可以容纳两个size_t乘积的类型

Question

I have two size_t integers and need to take their product. In what type should I store the result?

#include <limits>
#include <vector>
#include <iostream>

int main() {
    typedef std::size_t size_t;
    typedef unsigned long long product_t;

    std::vector<double> a(100000);
    std::vector<double> b(100000);

    size_t na {a.size()};
    size_t nb {b.size()};

    product_t prod = na * nb;

    std::cout << prod << std::endl;
}

It looks like gcc defines size_t as an unsigned long long so I am not guaranteed I will be able to store the product... any alternatives?

Edit:

The point here is that I am developing a library that needs to handle vectors of an arbitrary size, compute some statistic on it

double stat = computeStatisticOnVectors(a, b);

and then compute the following:

double result = stat / prod

Answer 1

Have you considered not restricting yourself to a primitive type? If it's important to your application that such huge size_type values are handled, why not create a custom type which holds both original values?

Answer 2

It really depends on what you are trying to achieve with your code.

If you are later on going to use the value as a size_t (in other words, for sizing a vector, allocating memory, or some such), then you probably should do some checks that it's not overflowing, but store the value as a size_t . You won't be able to use a bigger type anyway, if the purpose is to create a new object based on the size.

If you are doing something like "calculating the number of possible combinations from these X vectors", then using a floating point type will probably be "good enough".

Answer 3

Up until 128 bits, and assuming you don't need much portability, you may just use built-in types such as uint128_t (supported at least by gcc and clang on x86_64 platforms).
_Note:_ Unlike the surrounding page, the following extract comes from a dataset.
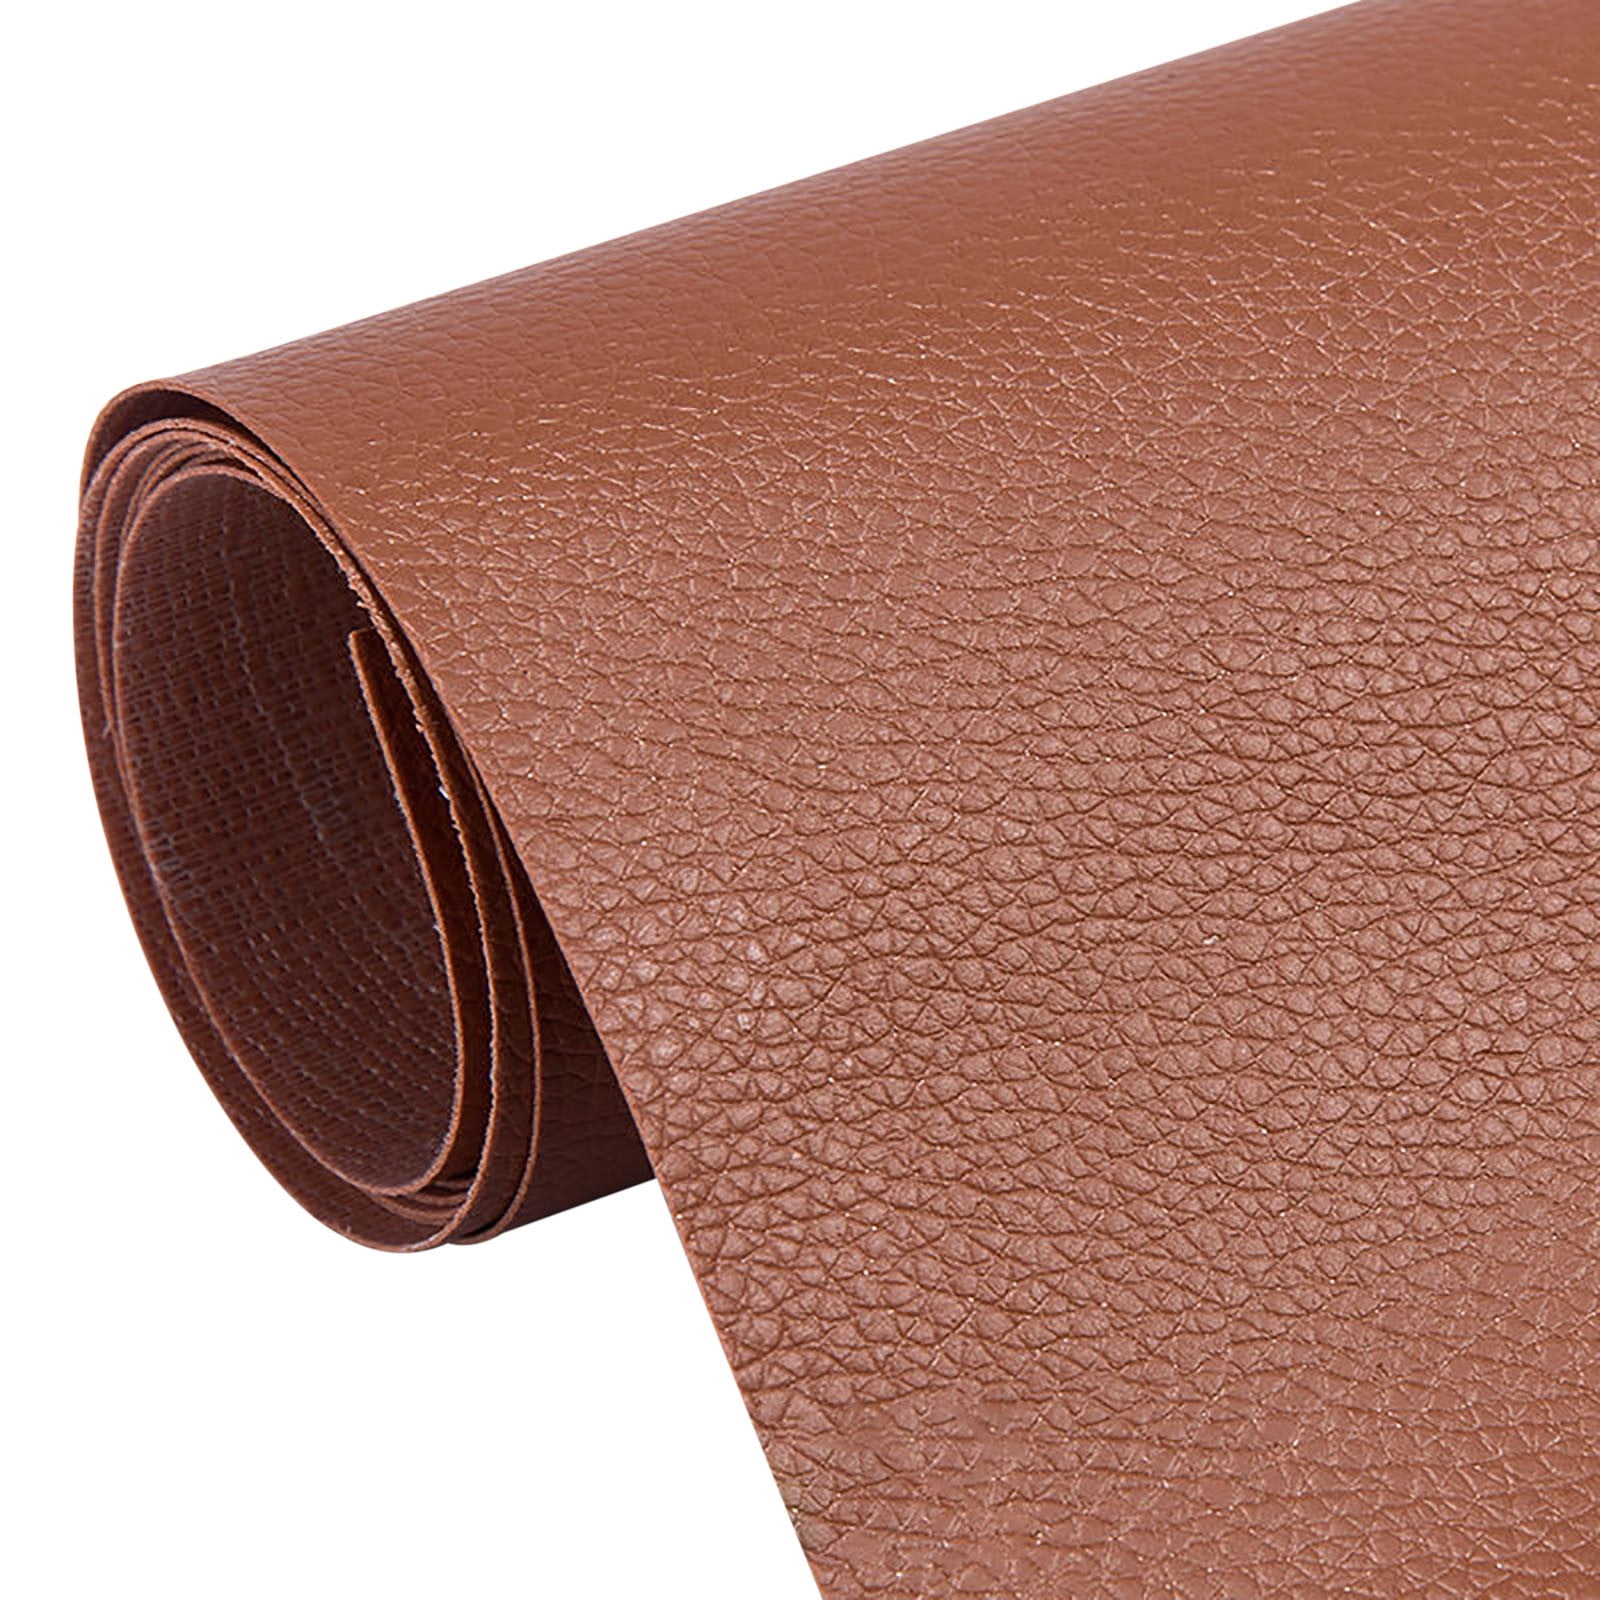 Deals on Nw Plain Self-adhesive Pu Leather Leather Repair Sofa Leather  Repair Car Seat Leather Repair Patch-adhesive Backing-first Aid For Sofa  Car Seat Environmental Leather Cream Color

If you wish for more portability than this, then 128-bits integers are not standard, so you will need to:

1. Define your own, a pair of 64-bits integer with overload operators would work
2. Use an existing library, such as GMP (LGPL though, but much more generic)
3. From Marc Glisse: Boost.Multiprecision (without the license issue)

Of course, if you could simply eliminate this requirement it would be easier; this product you are computing does not seem to mean much in itself, so just doing stat / na / nb might well be enough.

Answer 4

In your example you're multiplying 100000 and 100000 (rather untypically large values for sizes), where apparently you would want to obtain 10^10 exactly as a result.

As a rough calculation based on 2^10 ~= 10^3, divide the 10's exponent by 3 and multiply by 10 to get the number of bits. Now 10*10/3 is roughly 33, which means you need more than 32 bits, which means 64 bits. Thus, use a 64-bit type.

In addition to being 64-bit the type should be signed, because it's a good idea to use signed types for numbers (otherwise, due to implicit conversions you risk inadvertently using modular arithmetic, with hard to track down bugs). So, the built-in type that you're looking for is – signed 64-bit integer – oh, that's long long .

Or you can use one of the type aliases from <stdint.h> .

That said, why on Earth are you multiplying large sizes, and why do you need the result as an exact integer?

Answer 5

Your statistics will be computed on vectors, which size will not exceed size_t capacity. I think it's enough to detect overflow in your case. I can think of a double conversion of each size, then compare the two products (size_t based product vs double product)